As for actually setting up your crypto exchange account, this can take just fifteen minutes, or it may even take a few days. That’s because you’ll need to submit and verify your identity. This has to do with financial regulations and exchanges must adhere to strict laws.

Truthfully, this is the biggest pain in the entire process. The good news is, your account set up is a one-time thing. So while it might be a bit of a lengthy process to set up your exchange account, you’ll never have to do it again.

Once you’ve set up an account on an exchange, the next thing you’ll need to do is, as mentioned just a second ago, link your bank account, credit card, or other payment method. Then, simply transfer some funds and purchase some bitcoin!

Each exchange handles this process a little differently. Just look for a “fund account” or “buy bitcoin” button.

Now if you’re uncomfortable or want to just dip a toe into bitcoin, do what I did: I found a YouTube tutorial that showed me how to add funds using the specific exchange I'd set my account up on.

And I kept it low-cost -— my first bitcoin purchase was just $10. Because it was my first time out, I just wanted to get a feel for the process and keep my costs low.

Now just fair warning, once your first bitcoin purchase is complete, I’m sure just like me and everyone else who does this, you’ll be instantly hooked!

Next, while you could simply keep your bitcoin stored in your exchange account, instead it’s highly encouraged to move your bitcoin from your exchange account to a more secure and private personal wallet.

Your bitcoin wallet is simply a place to more securely store your bitcoin. And there are a few different wallet types you can choose from.

Most commonly, you could use what’s called a software wallet. These are sometimes referred to as soft wallets or hot wallets. These are simple applications you’d install on your computer or smartphone to store your bitcoin. Exodus and Samurai are two examples of soft wallets you could use, although there are many others available.
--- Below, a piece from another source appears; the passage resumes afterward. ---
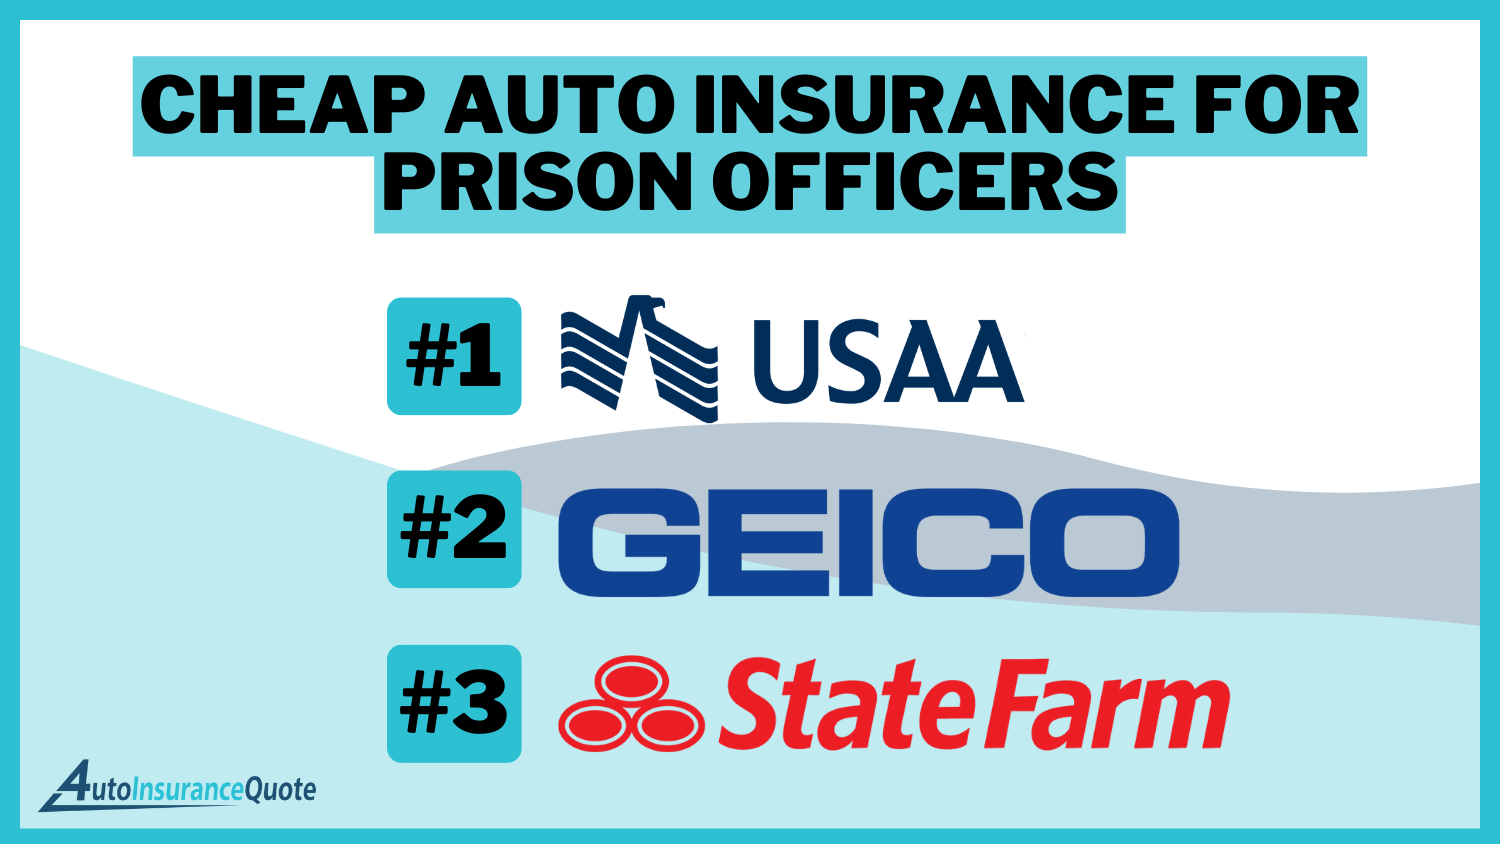 Cheap Auto Insurance for Prison Officers: USAA, Geico, and State Farm.

Another option is to use a hardware wallet, which are sometimes called cold wallets. A hardware wallet is similar to a USB drive with special software installed on it to store your bitcoin and other cryptocurrencies. Both Trezor and Ledger are top choices if you’re interested in hardware wallets.

And that, my friend, is pretty much all there is to buying bitcoin!

Now I mentioned earlier that I'd show you a bonus way to purchase bitcoin. This approach doesn't involve exchange accounts or connecting up your payment method or anything like that. Instead, it's much, much simpler.

And that is, to use a bitcoin ATM. Yes, there are bitcoin ATMs in your local area! Head over to coinatmradar.com and see if you can find one near you. Typically, you’d deposit physical cash into the machine, scan your wallet’s public key QR code, and boom — ya got coin!

Now be careful. The transaction fees will be high when you buy bitcoin with a bitcoin ATM. But, I think it’s worth it just for the learning experience. When I did this, I thought of the transaction fee I paid to be like paying for more experience and my education about bitcoin.